Ambos se mostraron vacilantes hasta el momento en el que sus pieles se rozaron. En ese instante, una pasión irrefrenable estalló entre ellos. Y ni siquiera estaban besándose, sino solo hablando. Cuando sus labios, sus almas, casi se tocaron, los rodeó un candente halo blanco del que ninguno fue consciente.
Era algo que Daniel jamás había presenciado desde fuera.
¿Era eso lo que buscaba su Luce? ¿Una prueba visual de cuán verdadero era su amor? Para Daniel, su amor era una parte tan intrínseca de él como sus alas. Pero, para Luce, debía de ser distinto. Ella no tenía acceso al esplendor de su amor. Solo a su llameante final.
Cada momento sería una completa revelación.
Pegó la mejilla al cristal y suspiró. Dentro, su antiguo yo estaba cediendo, perdiendo la determinación que, de cualquier modo, había sido una farsa desde el principio. Su equipaje estaba hecho, pero era Lucinda quien debía partir.
Su antiguo yo la estrechó entre sus brazos; incluso a través de la ventana, Daniel olió la embriagadora fragancia de su piel. Se envidió a sí mismo mientras la besaba en el cuello y le pasaba las manos por la espalda. Su deseo era tan fuerte que habría hecho añicos aquella ventana si no se hubiera obligado a refrenarlo.
«Oh, por favor, alárgalo un poco —ordenó a su antiguo yo—. Haz que dure un poco más. Un beso más. Una dulce caricia más antes de que la biblioteca tiemble y las Anunciadoras empiecen a vibrar en sus sombras».
El cristal se calentó contra su mejilla. Estaba ocurriendo.
Quiso cerrar los ojos, pero fue incapaz. Lucinda se retorció en los brazos de su antiguo yo. El dolor le crispó las facciones. Miró arriba y abrió los ojos de par en par cuando vio las sombras que danzaban en el techo. El mero hecho de intuir que algo ocurría fue demasiado para ella.
Gritó.
Y se convirtió en una cegadora columna de fuego.
Dentro de la biblioteca, su antiguo yo fue catapultado contra la pared. Cayó al suelo y se acurrucó allí, apenas la sombra de un hombre. Enterró el rostro en la alfombra y tembló.
Fuera, Daniel observó con un pavor que jamás había conseguido dominar mientras las llamas lamían el aire y las paredes. Borbotearon como una salsa que arde a fuego lento en una cazuela y se desvanecieron, sin dejar rastro de Lucinda.

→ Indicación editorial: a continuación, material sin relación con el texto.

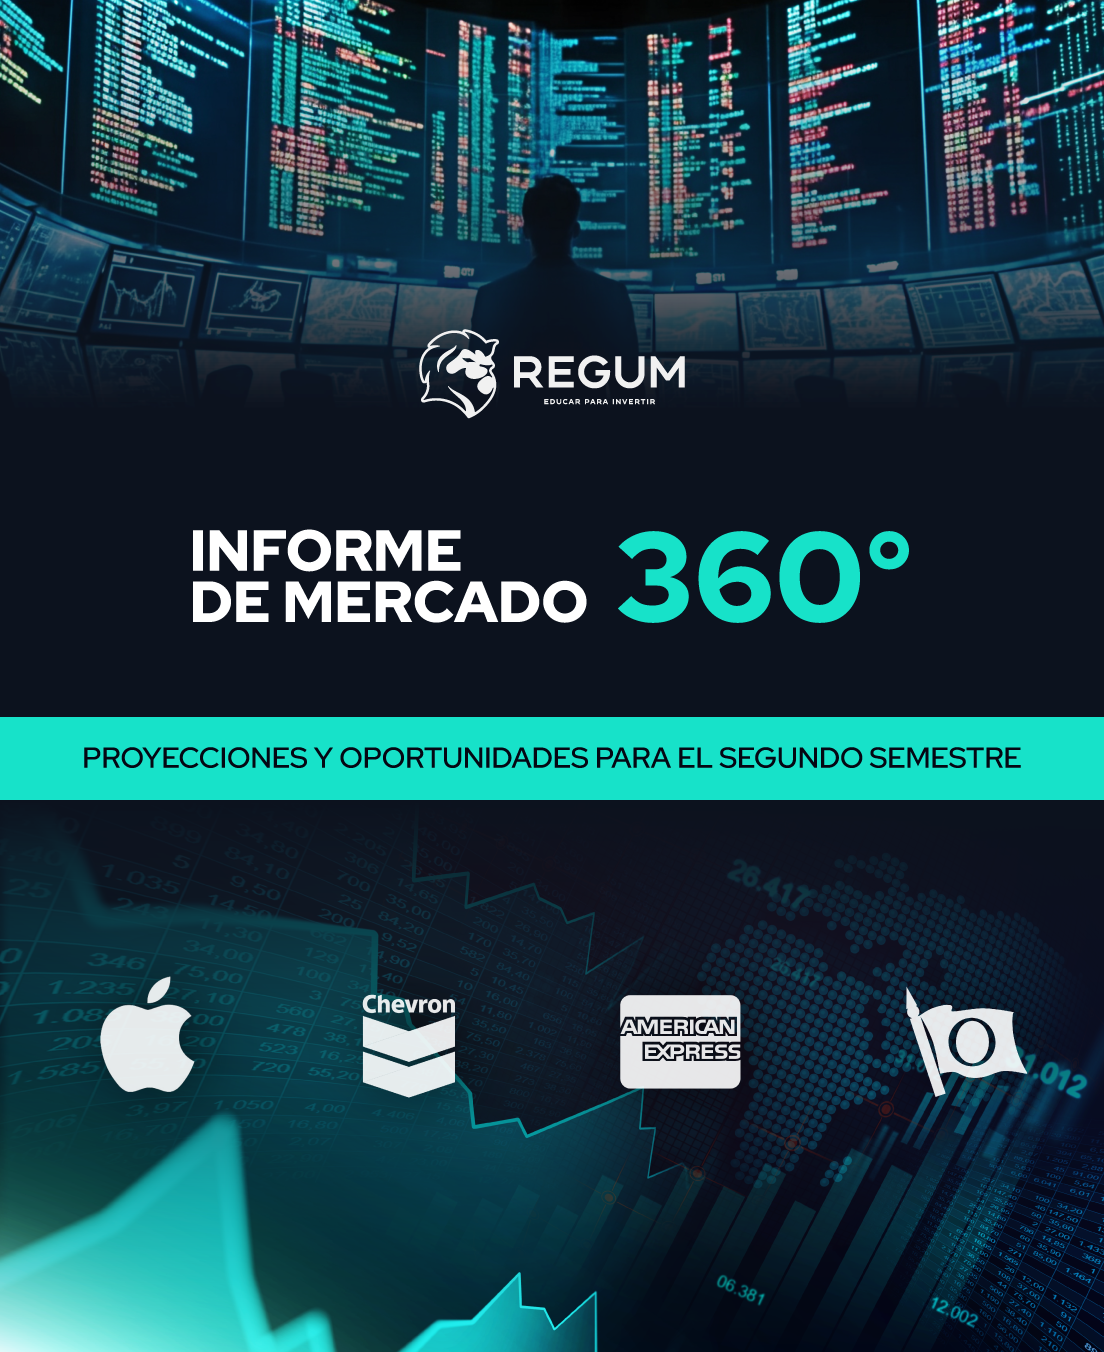 Informe de Mercado 360°

Milagroso. Daniel notó un hormigueo en todos los poros de su piel. Si no hubiera sido tan demoledor para su antiguo yo, el espectáculo de la muerte de Lucinda casi podría haberle parecido hermoso.

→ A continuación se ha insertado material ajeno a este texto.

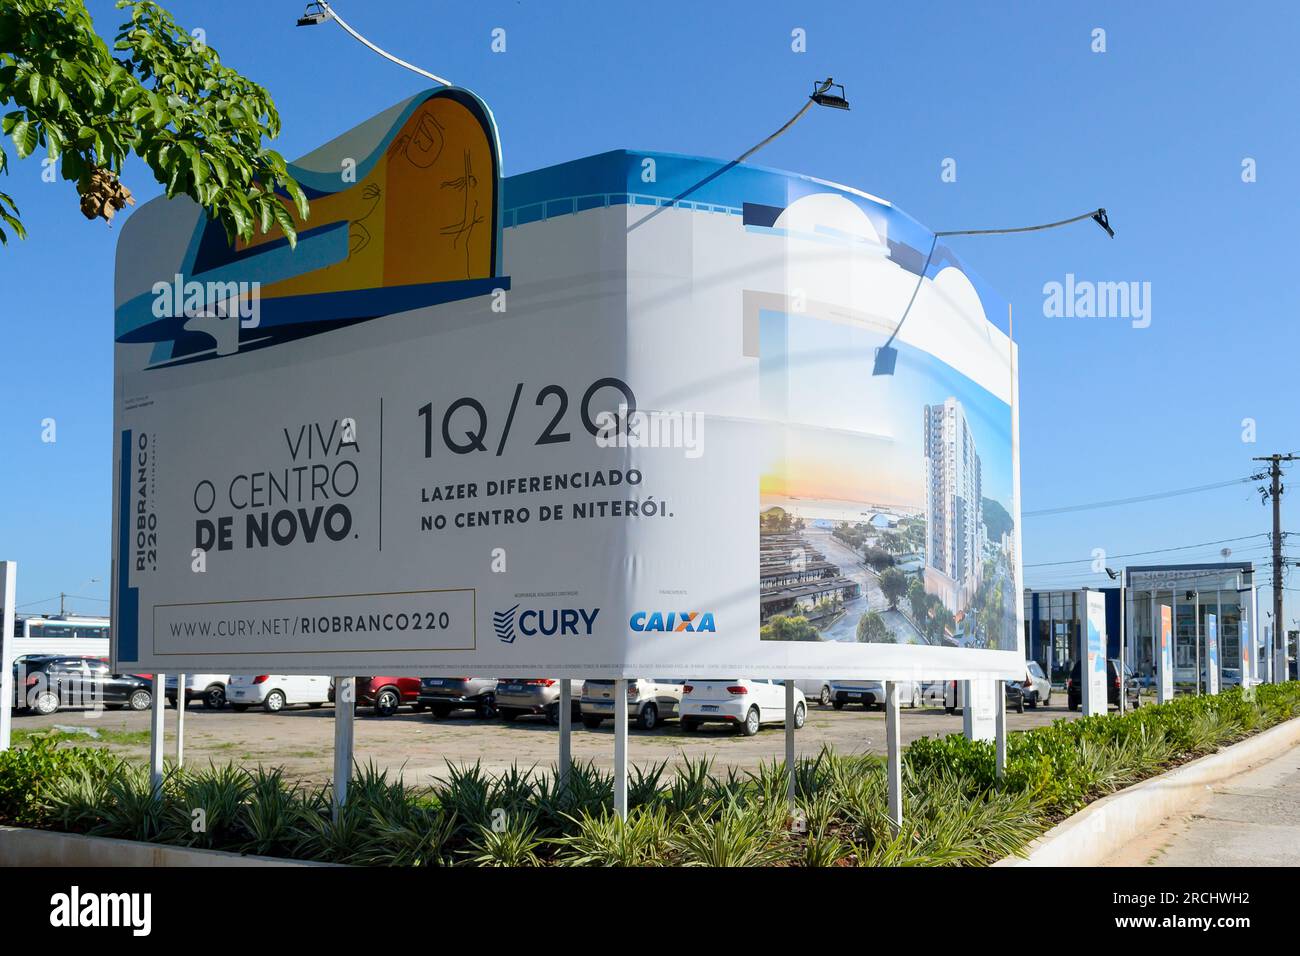 Niteroi, Rio de Janeiro, Brazil - July 1, 2023: Large advertisement billboard in a city corner. It reads Viva O Centro de Novo Stock Photo

Su antiguo yo se levantó despacio. Se le desencajó la mandíbula, sus alas reventaron el frac negro y llenaron casi toda la biblioteca. Alzó los puños al cielo y rugió.

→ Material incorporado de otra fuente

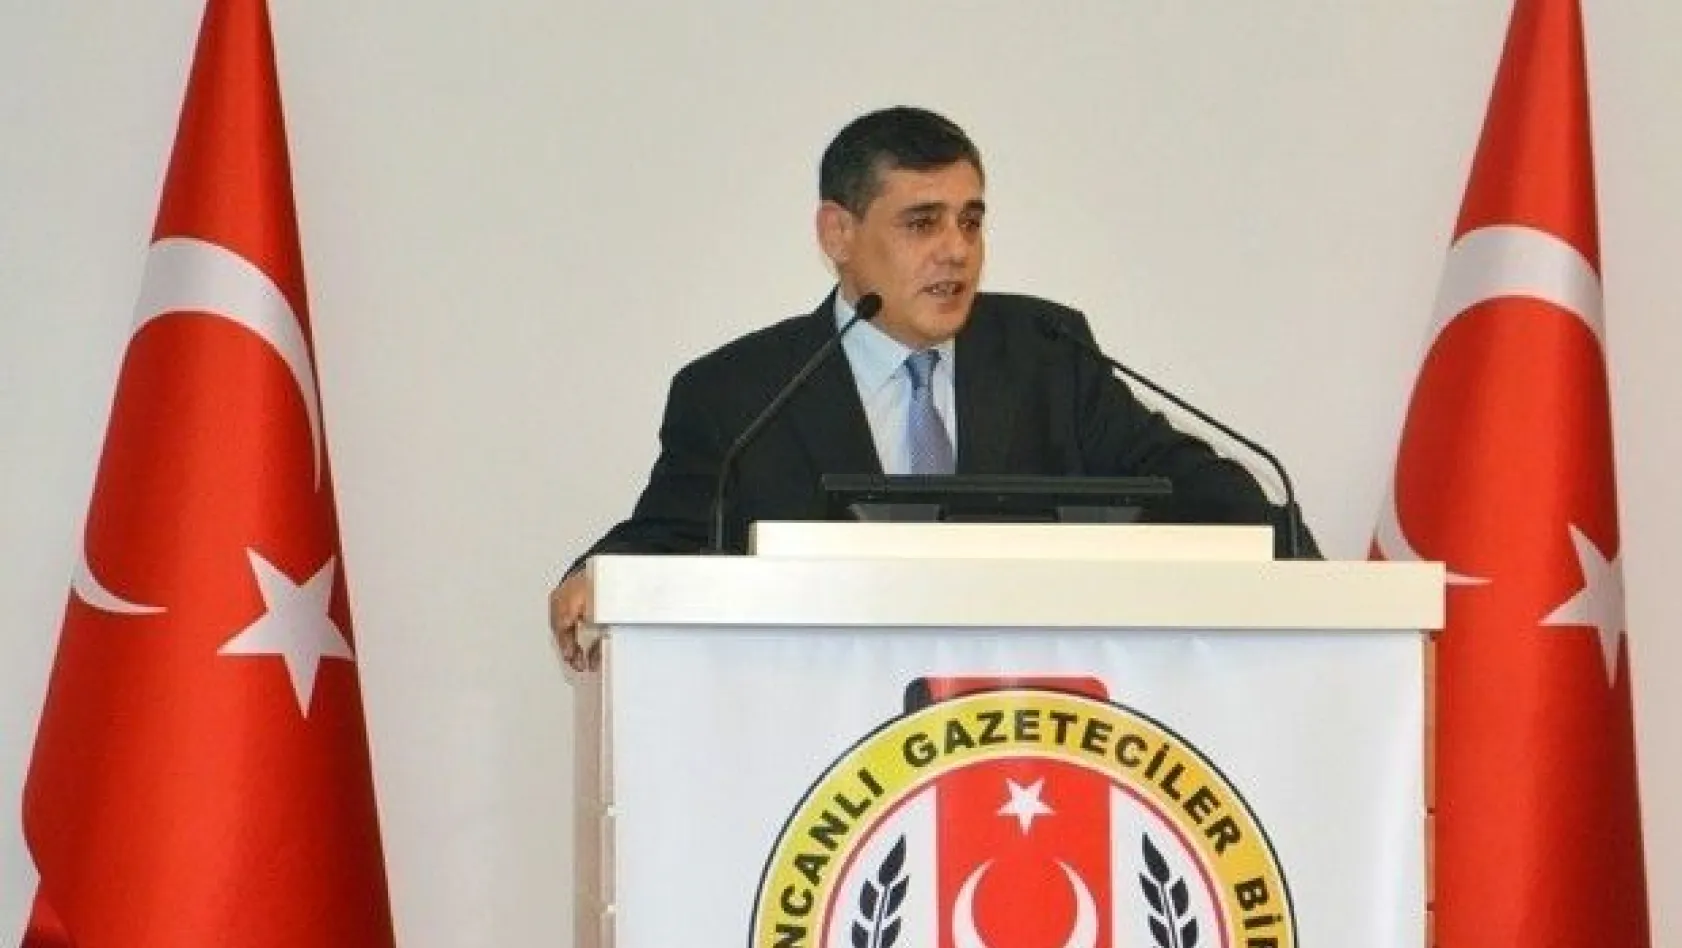 Erzincanlı Gazeteciler Birliği başkanını seçti

En el exterior, Daniel fue incapaz de seguir soportándolo. Embistió la ventana con el ala, y una lluvia de cristales rotos cayó a la noche. Entró como una bala por el agujero desigual.
—¿Qué haces aquí? —gritó su antiguo yo, con lágrimas rodándole por las mejillas.
Apenas cabían en la espaciosa biblioteca con las alas desplegadas. Echaron los hombros hacia atrás todo lo posible para apartarse uno del otro. Ambos conocían el peligro de tocarse.
—Estaba mirando —respondió Daniel.
—¿Qué? ¿Has vuelto para mirar? —Su antiguo yo agitó los brazos y las alas—. ¿Es esto lo que querías ver? —La intensidad de su sufrimiento era desgarradoramente palpable.
—Esto tenía que pasar, Daniel.
—No me vengas con esas mentiras. No te atrevas. ¿Has vuelto a dejarte aconsejar por Cam?
—¡No! —Daniel casi gritó a su antiguo yo—. Oye: hay un momento, no muy lejano, en el que tendremos la oportunidad de cambiar las reglas de juego. Se ha producido un cambio, y las cosas son distintas. Tendremos una oportunidad para dejar de repetir esto. Lucinda podrá por fin…
—¿Romper el ciclo? —susurró su antiguo yo.
—Sí. —Daniel empezó a sentirse mareado. Uno de los dos sobraba en la biblioteca. Era hora de que se marchara—. Aún falta —añadió. Se dio la vuelta cuando llegó a la ventana—. Pero conserva la esperanza.
Salió por la ventana rota. Sus palabras, «conserva la esperanza», resonaron en su cabeza cuando surcó el cielo y se adentró en las profundidades de la noche.